Essex research informs police review

  • Date

    Wed 9 Mar 22

A male police officer, seen from behind, stands in the middle of a road with his hands clasped behind his back and the word 'Police' clearly visible on the back of his uniform

Research by Dr Simon Cooper, on police accountability and the role of Police and Crime Commissioners, has been cited in a major nationwide review of policing.

The Strategic Review of Policing in England and Wales, which was conducted by the Police Foundation and chaired by Sir Michael Barber, has called for a radical shake-up of the way forces are run.

It cites research by Dr Cooper, from the School of Law, which showed that the power of Police and Crime Commissioners (PCCs) to remove Chief Constables from office is having a “corrosive” effect on policing and police accountability.

Drawing on Dr Cooper’s research, which was published in The Criminal Law Review (Issue 4, 2020), the Strategic Review specifically highlights his finding that a vital independent review process, meant to safeguard against a compromised PCC wrongly removing a Chief Constable from office, has only been used once since 2012 and didn’t impact the decision.

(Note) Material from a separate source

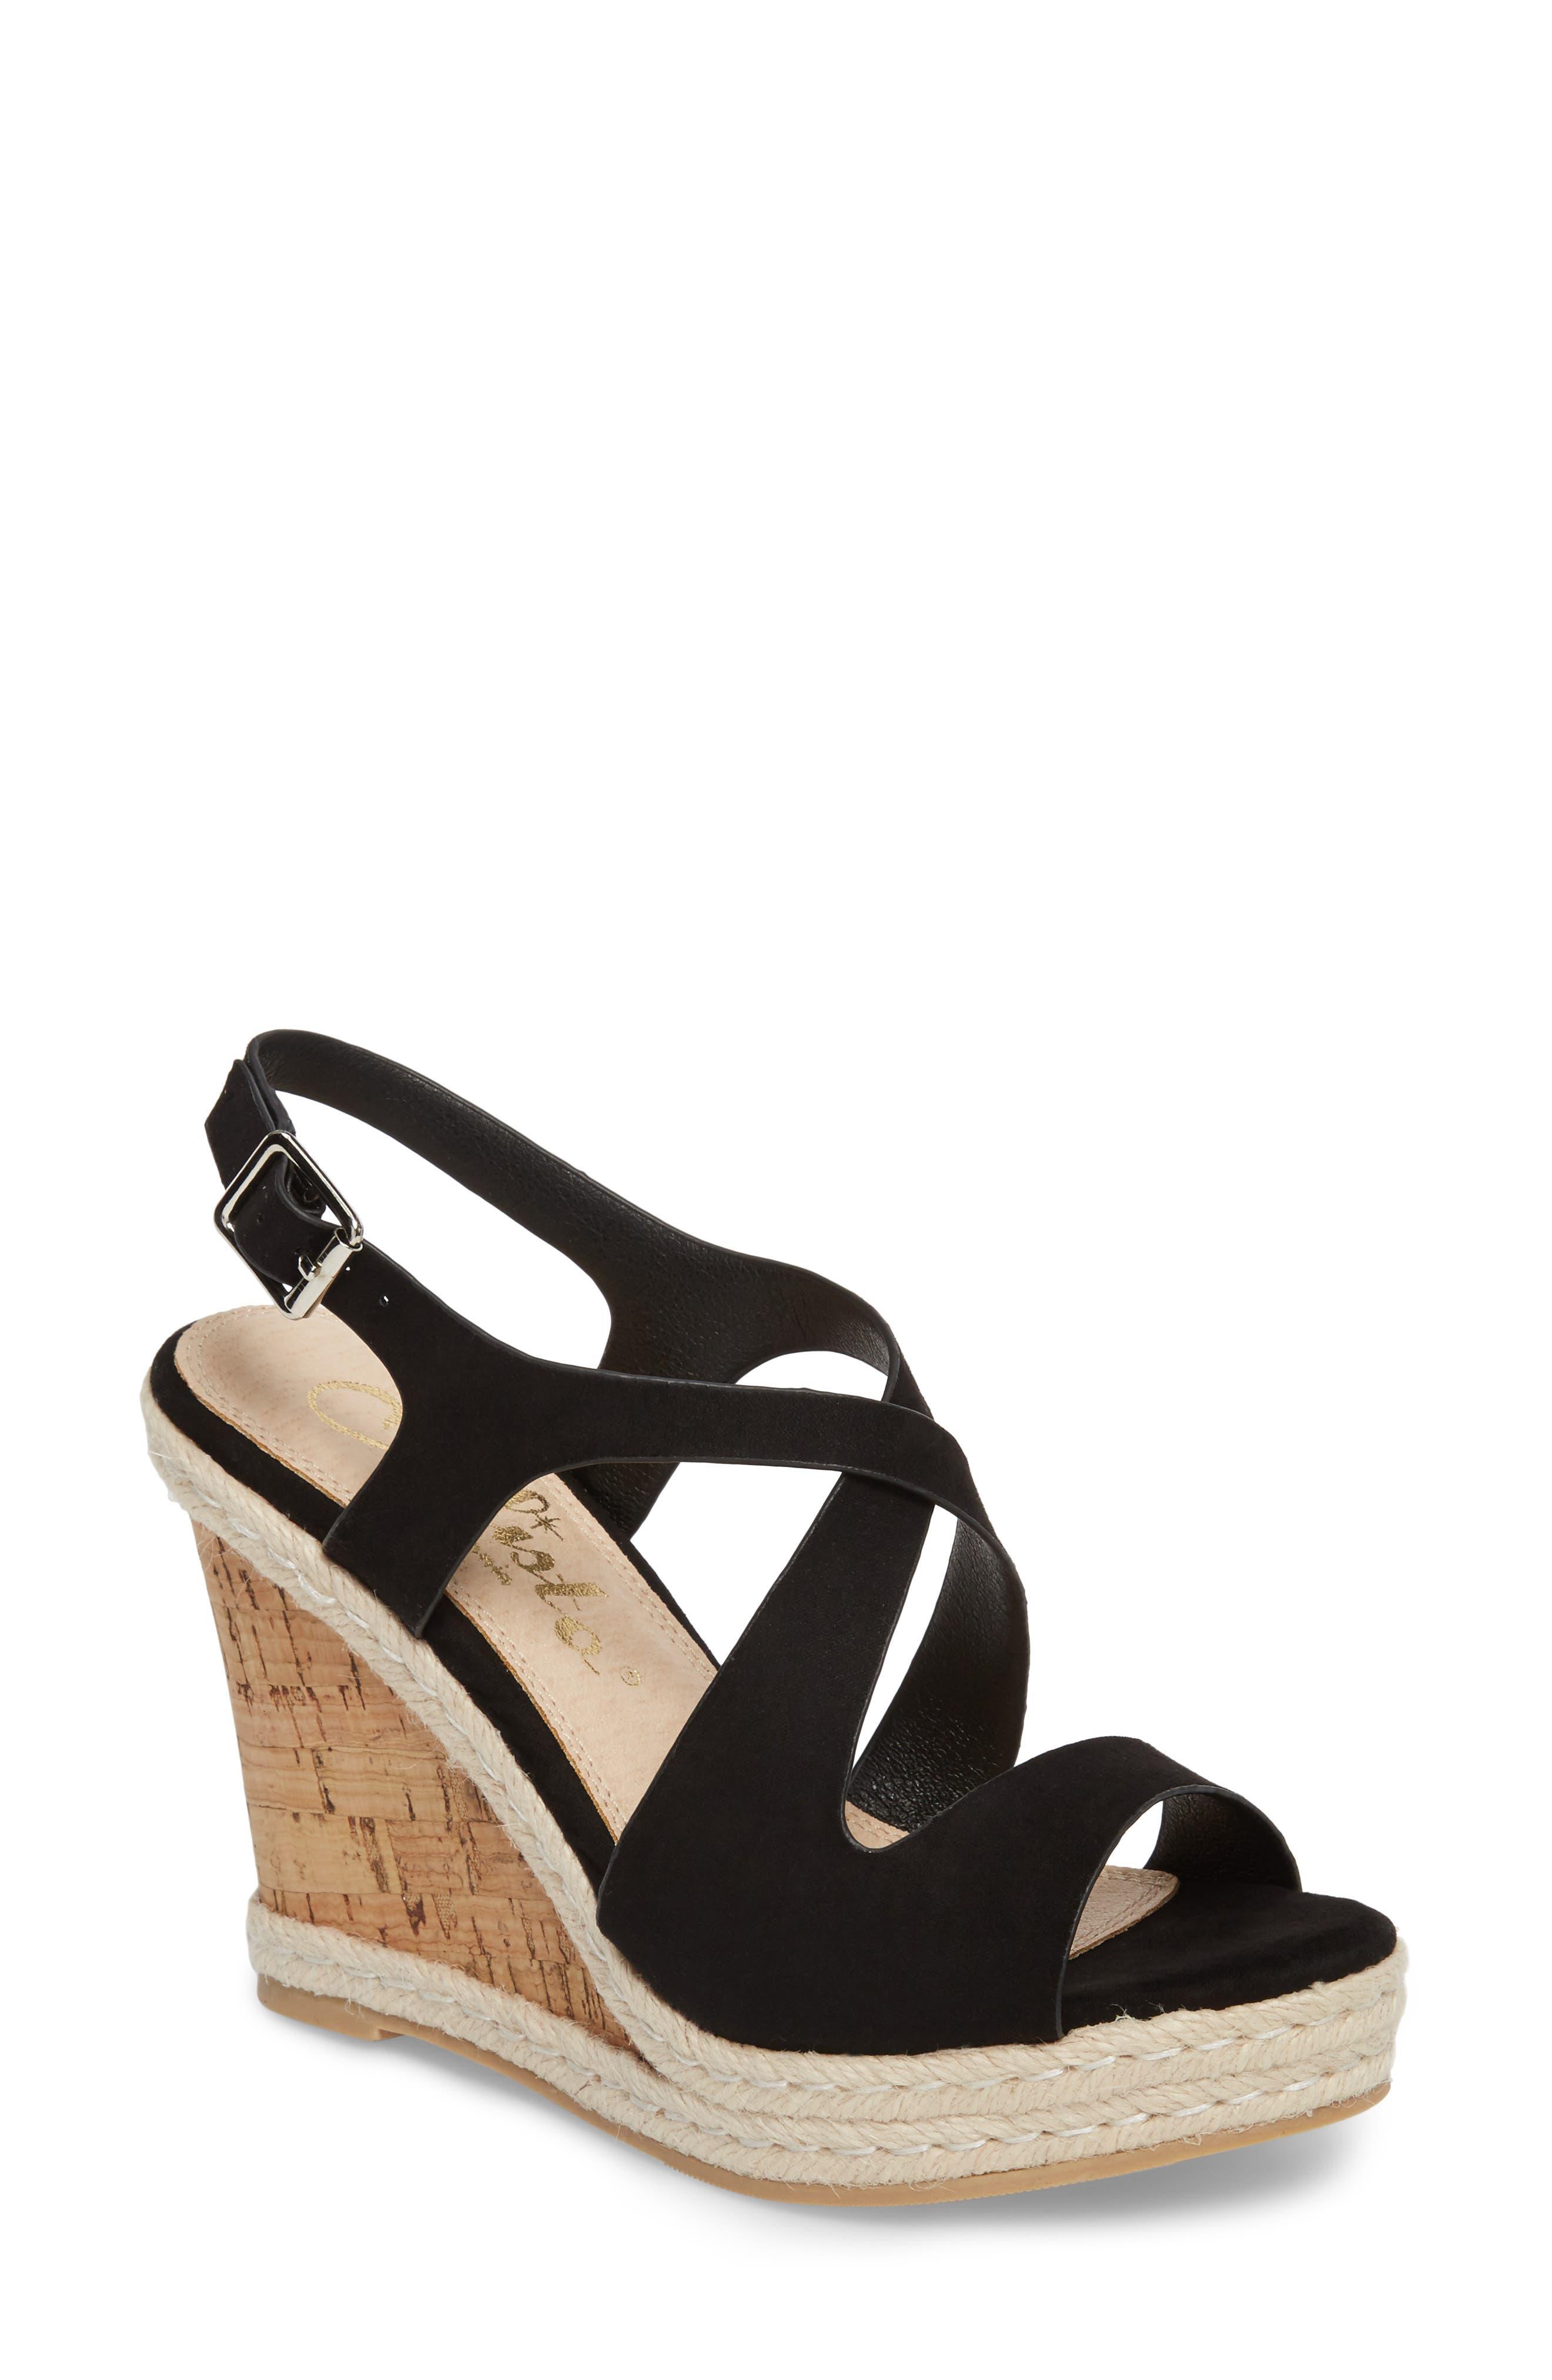 Brielle Wedge Sandal,                         Main,                         color, Black Suede
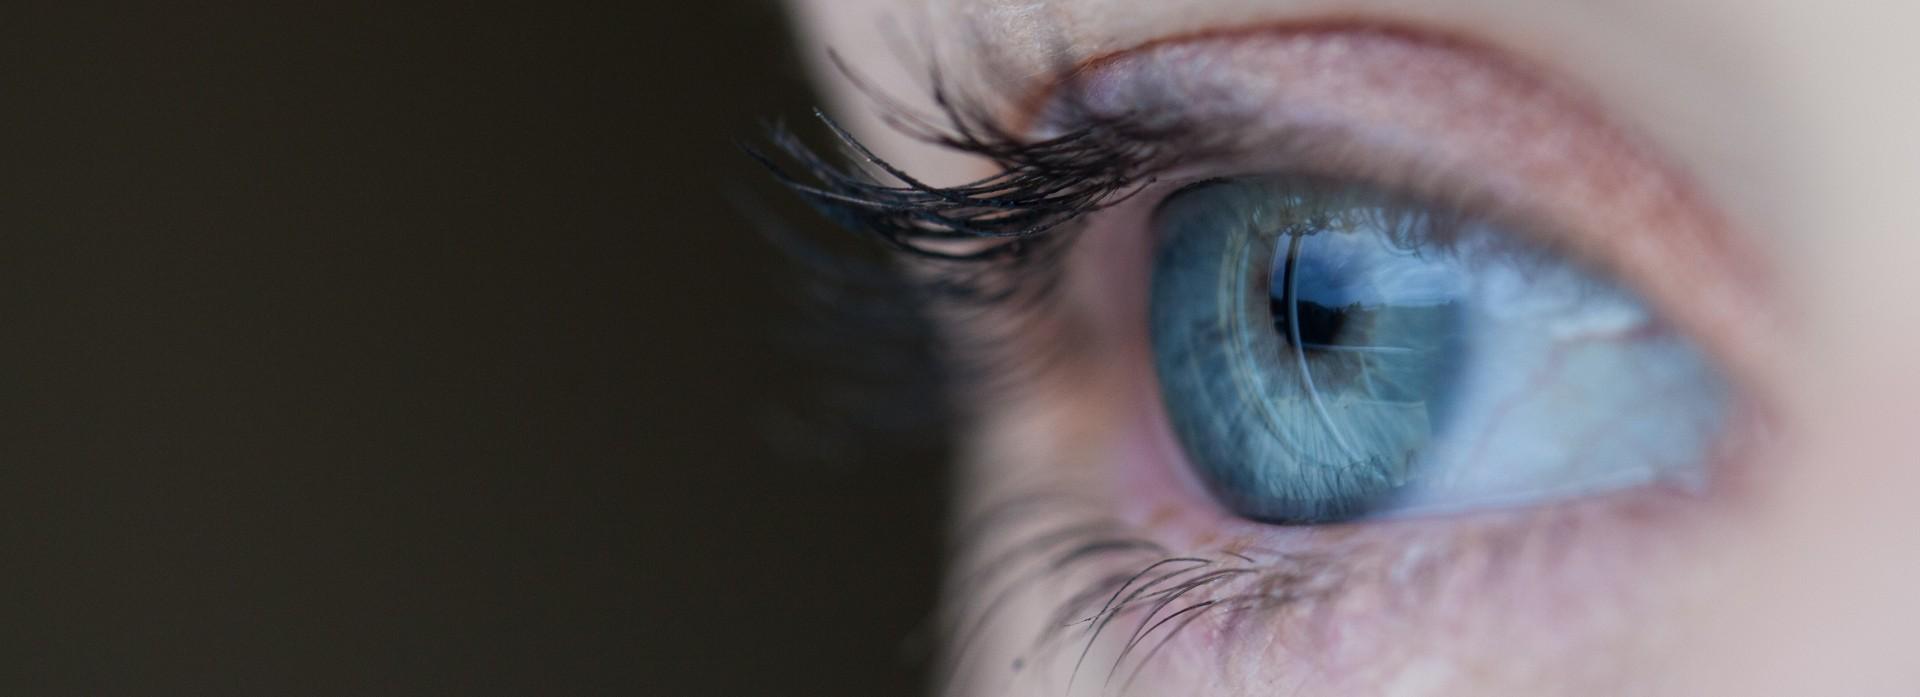 eye-691269 (Large)

The authors of the report note that “such untrammelled power in the hands of one person has created job insecurity throughout the Chief Constable rank and this in turn has led to increased churn and reduced tenure.”

Dr Cooper said: “Policing is at an inflection point. The Strategic Review comes at a time when public confidence is low and policing is under pressure. The Strategic Review will help shape the future of policing.

“The interviews I conducted find the PCC’s power to remove Chief Constables has already compromised the independence of senior officers. As currently formulated, the PCC’s s.38 power creates an environment in which it would be possible for a PCC – effectively a lay person – to command, overrule and potentially even control a Chief Constable. We urgently require a Select Committee inquiry to re-examine the PCC’s power to remove their Chief Constable.”

Dr Cooper’s research was based on a series of interviews with PCCs, Chief Constables and members of Police and Crime Panels (PCPs), as well as the person responsible for introducing the current system and one of the most senior figures in policing at a national level.